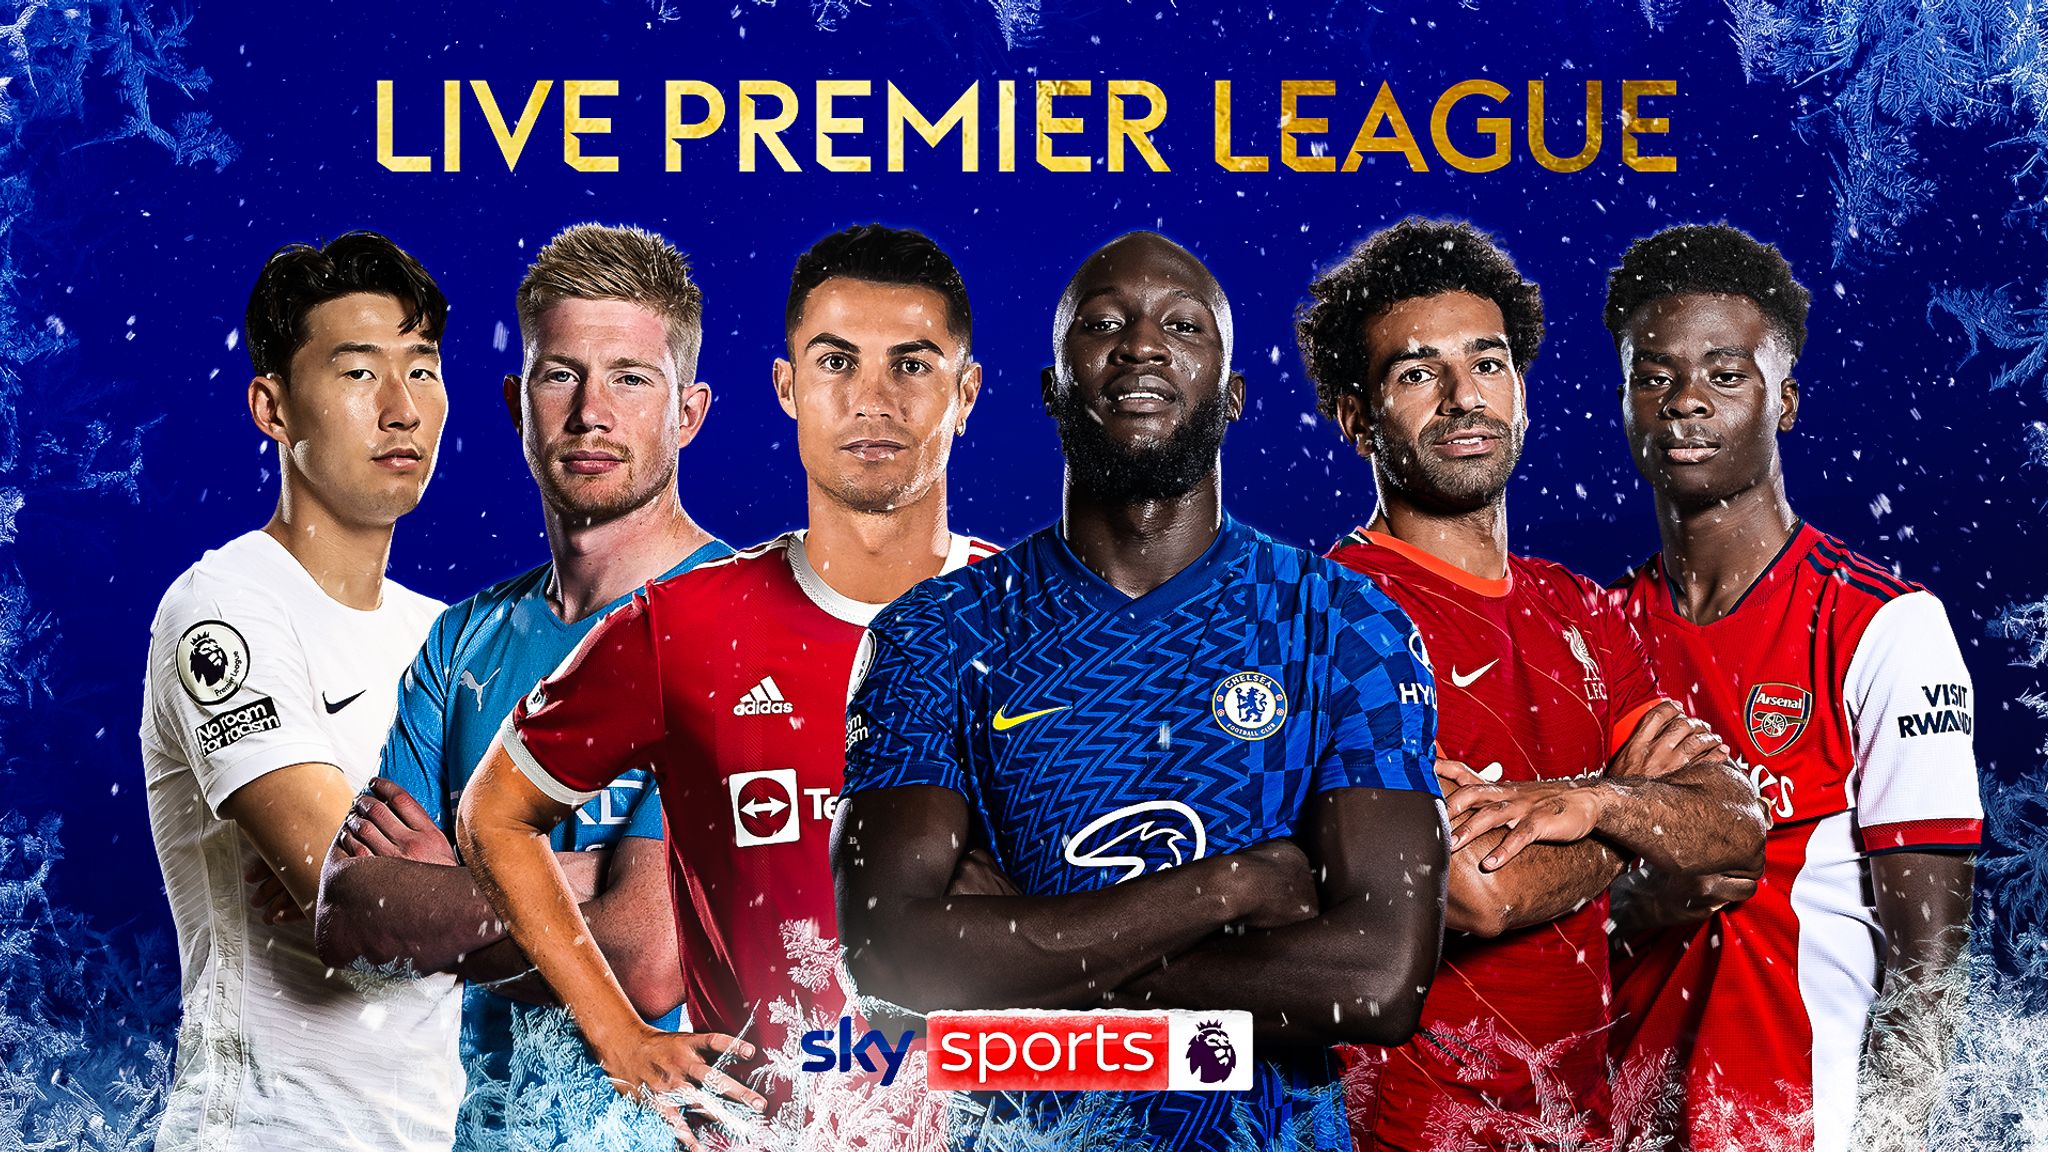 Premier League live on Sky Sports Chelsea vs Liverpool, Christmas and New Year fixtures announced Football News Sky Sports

...

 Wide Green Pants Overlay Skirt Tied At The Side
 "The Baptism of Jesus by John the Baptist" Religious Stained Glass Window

▶ **TASK OBJECTIVE**: Take from the material above the lines running from the one with "Wide Green Pants" through the one with "Stained Glass Window", and repeat them exactly, with nothing else.

▶ **SOLUTION TO THE PROBLEM**:
 Wide Green Pants Overlay Skirt Tied At The Side
 "The Baptism of Jesus by John the Baptist" Religious Stained Glass Window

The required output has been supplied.